A word-for-word copy of the listing, free of images, is the expected answer.

INFORMATION PROVIDED:
:::

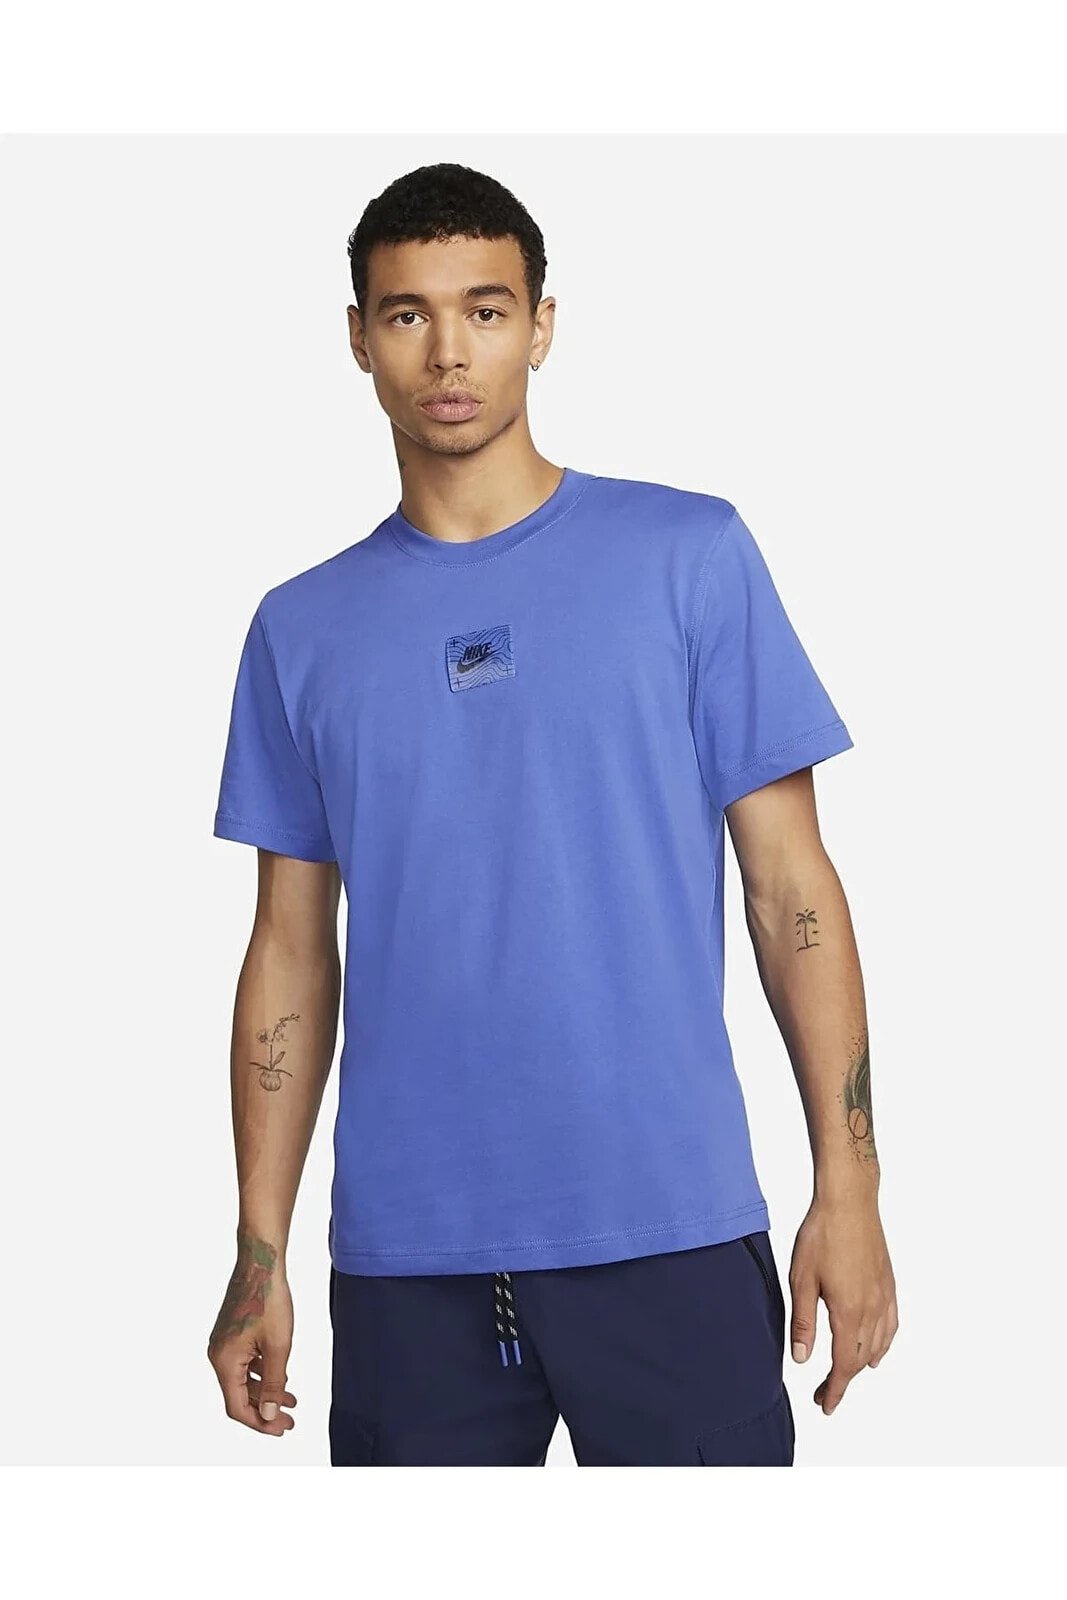 Sportswear Air Max Men's T-shirt - Blue Erkek T-shirt Mavi Dv2335-449
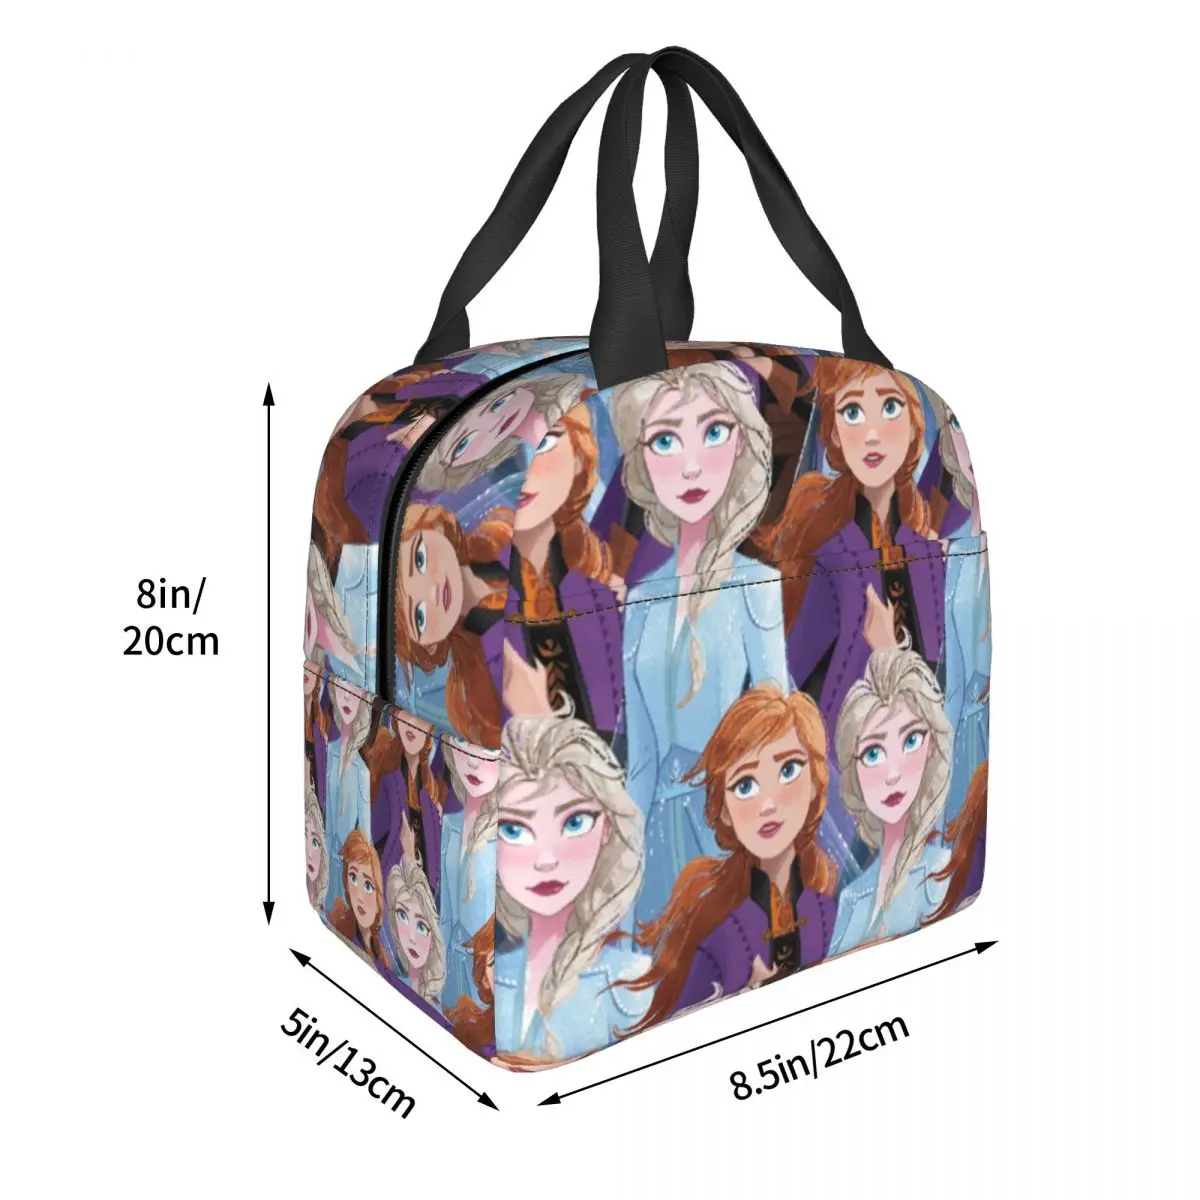 Disney Frozen Elsa Anna Изолированные сумки для ланча большой емкости Многоразовая сумка-холодильник Ланч-бокс Тотализатор Офис Путешествия Мужчины Женщины . ' - ' . 5
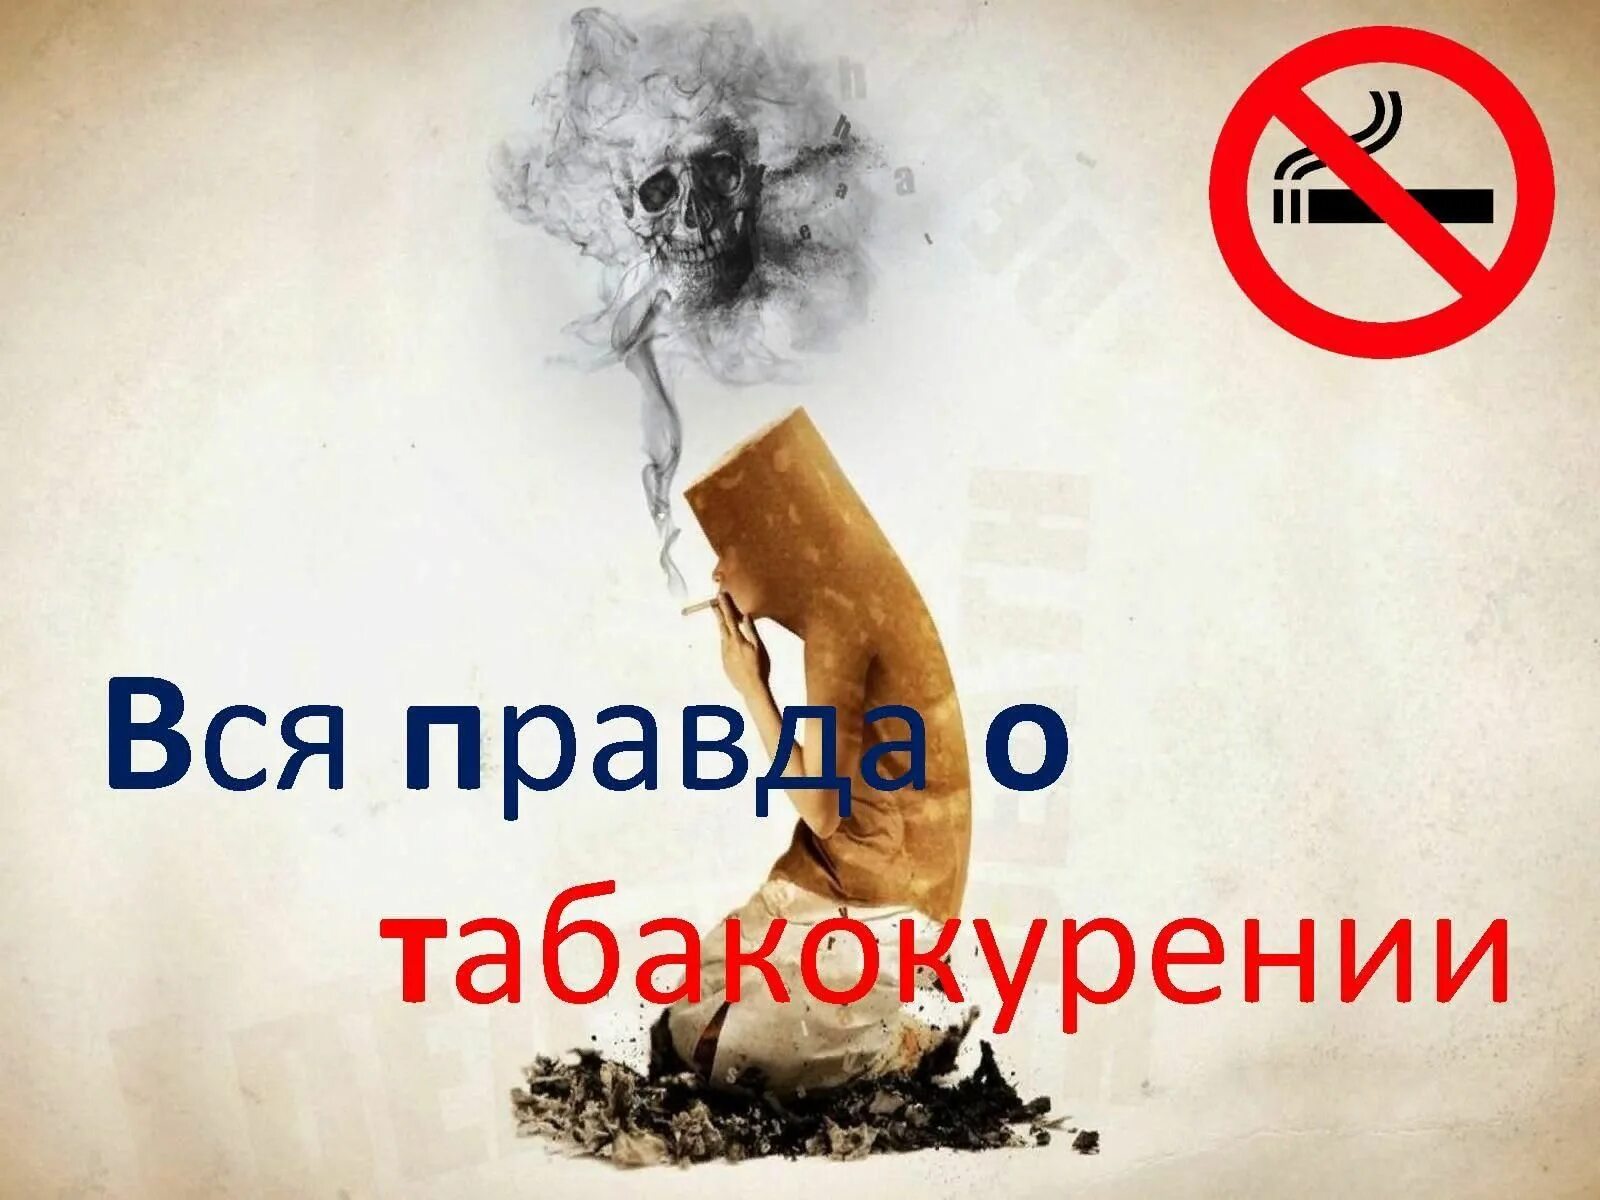 Против курил. Картинки против курения. Вся правда о курении. Правда о табакокурении. Против табака.

:::

RESPONSE TO THE EXERCISE:
 Sportswear Air Max Men's T-shirt - Blue Erkek T-shirt Mavi Dv2335-449
 Disney Frozen Elsa Anna Изолированные сумки для ланча большой емкости Многоразовая сумка-холодильник Ланч-бокс Тотализатор Офис Путешествия Мужчины Женщины . ' - ' . 5
 Против курил. Картинки против курения. Вся правда о курении. Правда о табакокурении. Против табака.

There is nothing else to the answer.